California seems to be making a renewed commitment to financing public education as the state lottery pumps millions into school programs, the Legislature considers dramatic pay increases for top teachers, and educators even propose financial incentives for students to stay in school. Hardly anyone, however, is talking about financing to provide for primary and secondary school facilities in which to carry out the work of education.
The problem is critical in Southern California--from inner-city Los Angeles, where antiquated schools swamped by high birthrates and immigration operate year round on double sessions, to newly developing communities in the Inland Empire, where a housing boom is overwhelming small, previously stable districts.
Before 1978, school-construction financing was primarily a local affair, with districts selling general-obligation bonds to be paid off by all property taxpayers in the jurisdiction. Proposition 13 limits on new tax obligations put an end to that approach and made local districts almost totally reliant on the state for the funding of permanent facilities. Districts experiencing rapid growth also began to rely on contributions from housing developers for temporary facilities until state funds could be obtained and schools built.
The result is a process fraught with both ineffectiveness and inequity. A resolution of the situation will require a comprehensive, state-level response, consisting of the following elements:
Sufficient, reliable state funding. An estimated 26,000 new classrooms--plus associated offices, libraries, gyms and auditoriums--will be required statewide in the next five years alone, at a cost of $6 billion. State funding for new construction is currently at less than 20% of that level.
Revised eligibility criteria for such funding. Many districts do not qualify for even the limited state funding now available, either because their existing schools don't conform to current state standards or because their teacher contracts limit class size below state minimums.
Limits on "exactions" from housing developers. Districts experiencing substantial new housing development typically demand payment of fees or donation of facilities by builders, even if the districts will eventually receive state aid. These costs, which now run as high as $6,000 per housing unit, are largely passed on to new home buyers, who thereby wind up footing the entire bill for what has historically been considered a community resource.
For prospective first-time buyers, this may tip the scales of affordability against them entirely. Those who do buy will pay many thousands more over the life of their mortgages--while seeing earlier residents, who escaped such fees, utilizing the schools financed by the newcomers. This situation is bound to be exacerbated by a recent California Supreme Court ruling that would allow developers' fees to be used for permanent facilities.
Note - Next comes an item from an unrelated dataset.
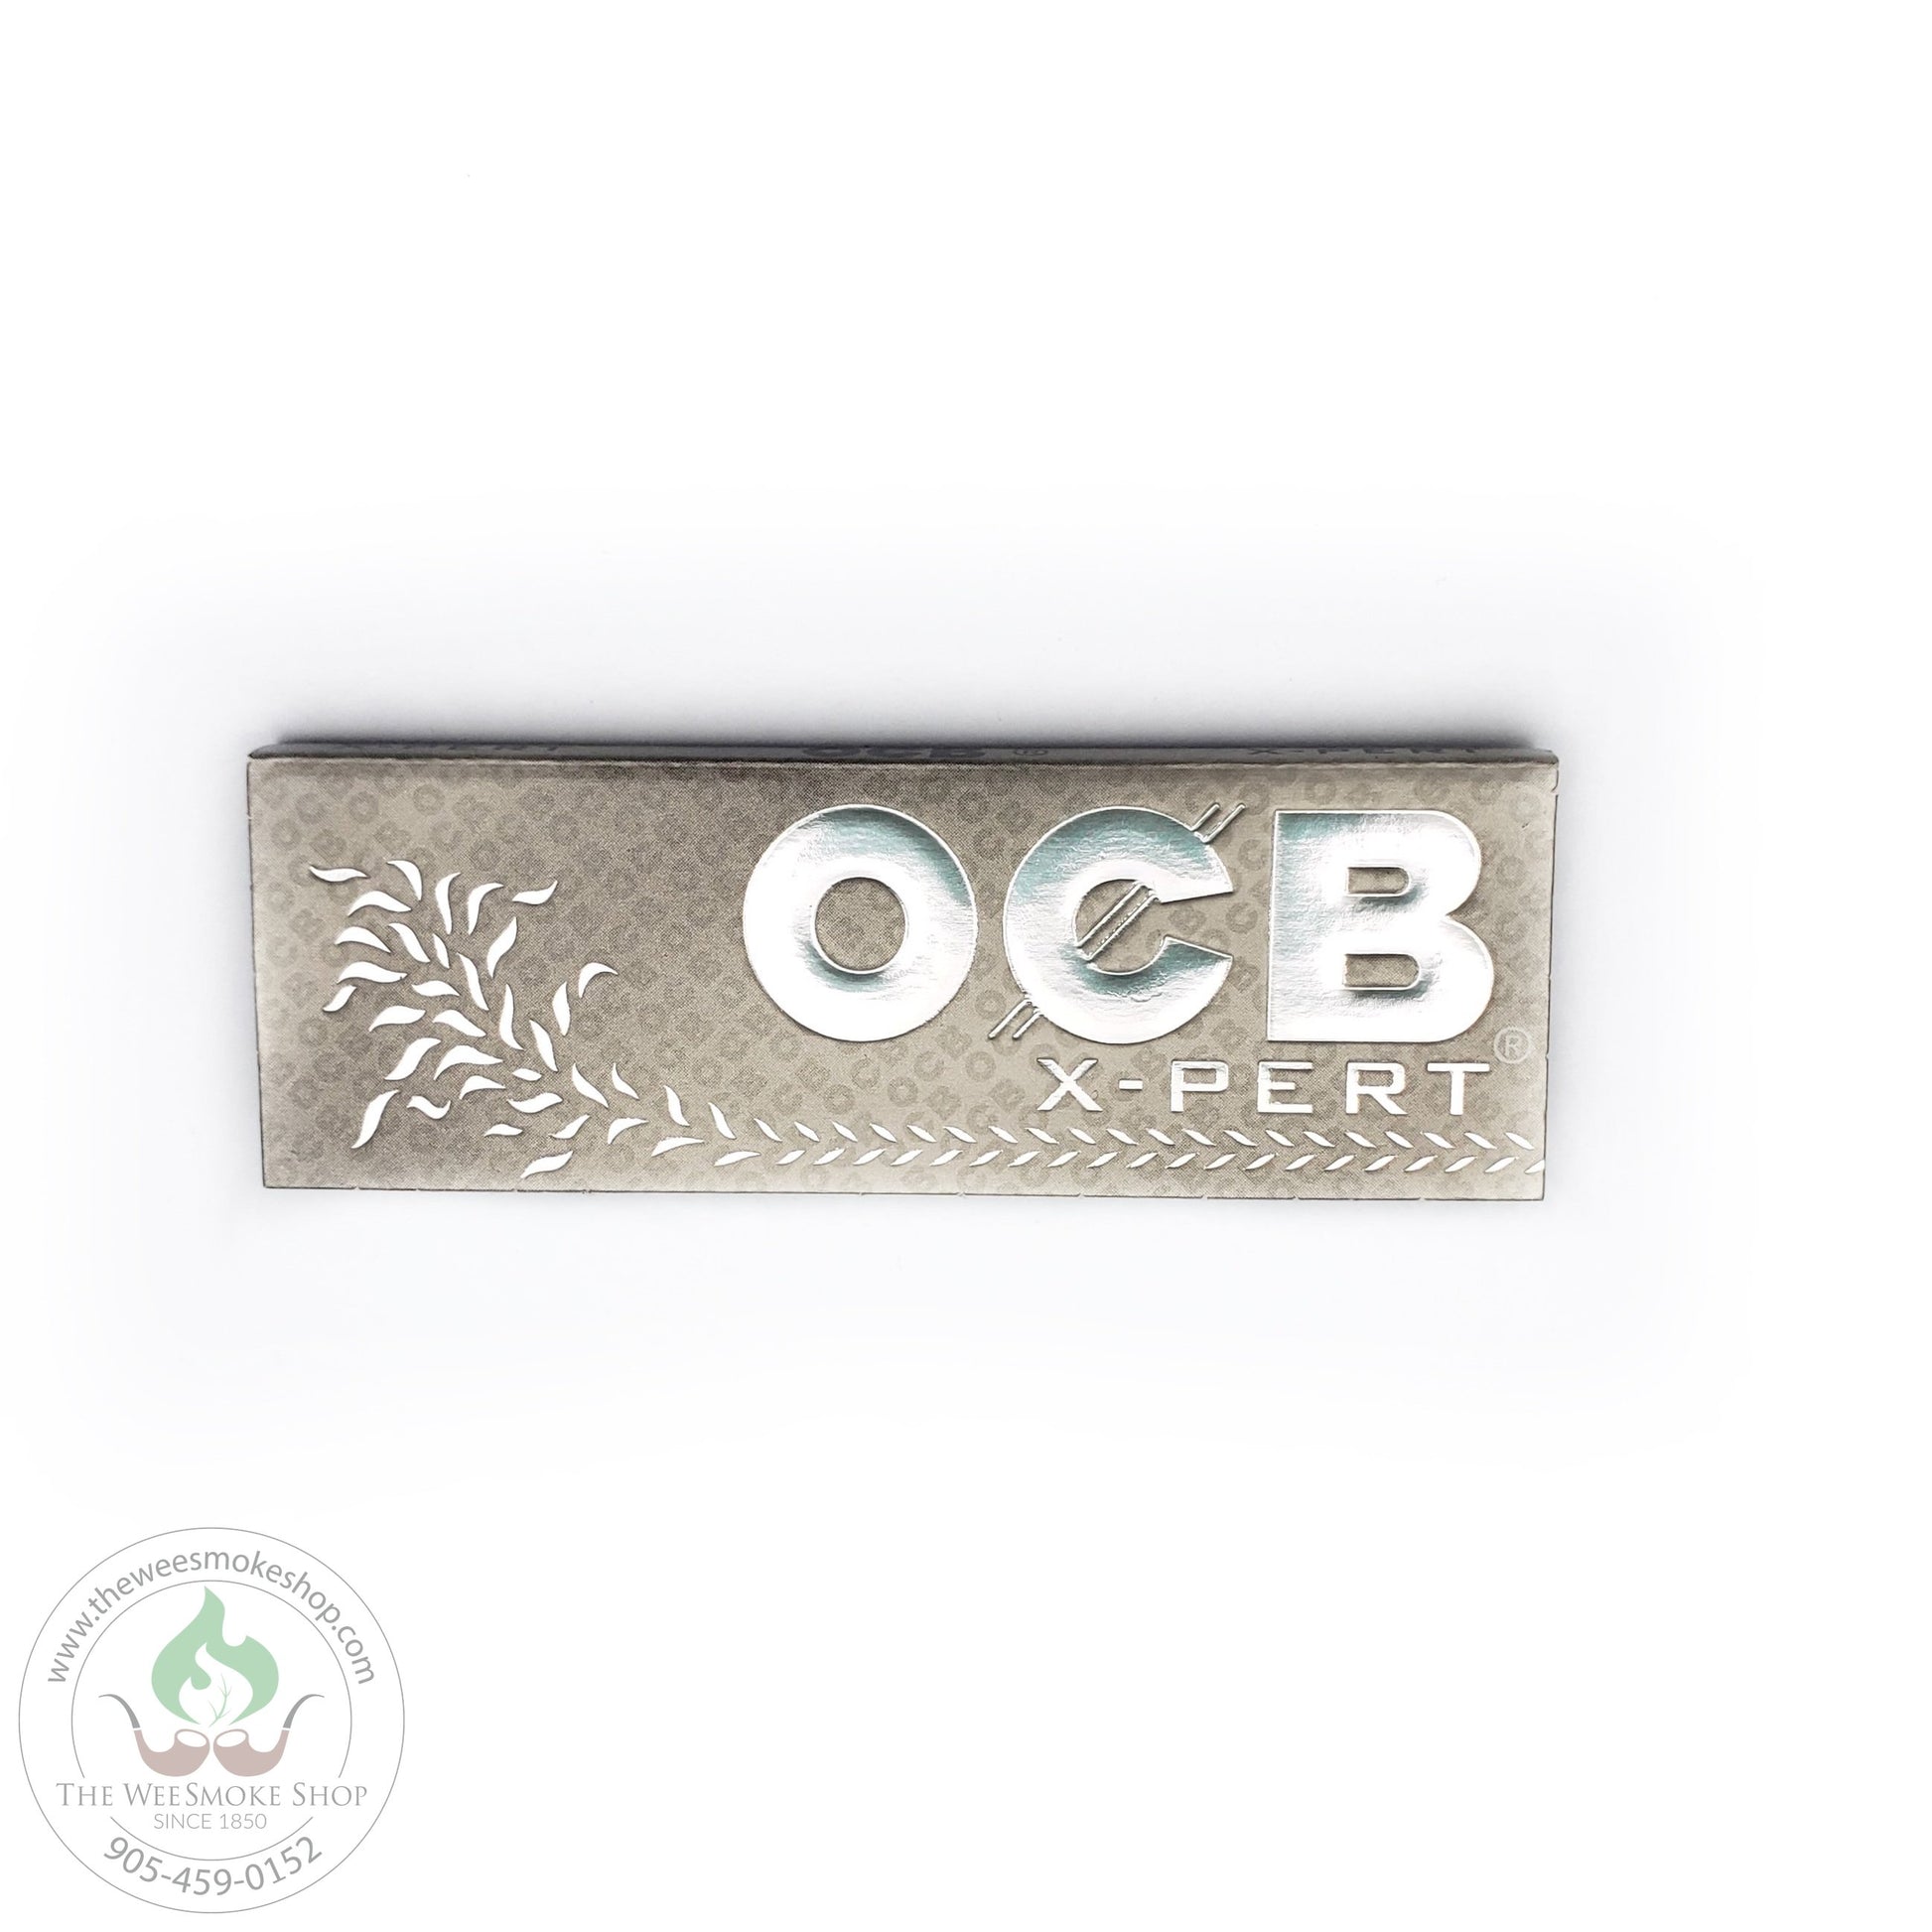 OCB X-Pert Rolling Papers. 1 1/4 size. The Wee Smoke Shop

Furthermore, to whatever extent such fees are imposed, they provide no relief for districts such as Los Angeles that have comparatively little new residential growth to tax.
New local financing options. School districts are able to utilize locally imposed special taxes, which typically are approved only for future housing development. Thus the burden falls on the newcomers to the community. Districts' authority to utilize general-obligation bond financing needs to be restored.
At the same time, local governments need authority to create "benefit assessment districts," the costs of which must be spread over the entire community.
Districts that take the initiative to raise funds locally to provide schools more quickly should be reimbursed by the state at the point at which they would normally qualify for state aid. If such reimbursements were assured, developers would be willing to construct permanent schools as a preferable alternative to paying fees or providing temporary school facilities.
A requirement for long-range planning by school districts. Many have been needlessly caught without adequate facilities to accommodate burgeoning needs. Often these could have been anticipated by studying development trends and demographic changes.
A package of bills proposing precisely such a combination of remedies passed both houses of the Legislature earlier this year, with solid support from the educational community, the building industry and local governments, only to be vetoed by Gov. George Deukmejian. His veto message indicated considerable skepticism regarding the extent of the problem and a reluctance to allocate substantial state resources. State Sen. Leroy F. Greene (D-Carmichael), considered the father of the current state funding program, was quoted as replying: "While the governor is fooling around, trying to find out precisely what the numbers are, the problem is getting worse and he's not solving any of it."
With the start of the new legislative session in January, and the advent of an election year as well, it can be expected that school-facilities financing will be near the head of the agenda. Whether the problem is addressed depends on whether the key public decision-makers can be educated as to the full magnitude of the problem. One fact may be sufficient: When schools open next fall, there will be 100,000 more students requiring additional facilities in which to obtain an education.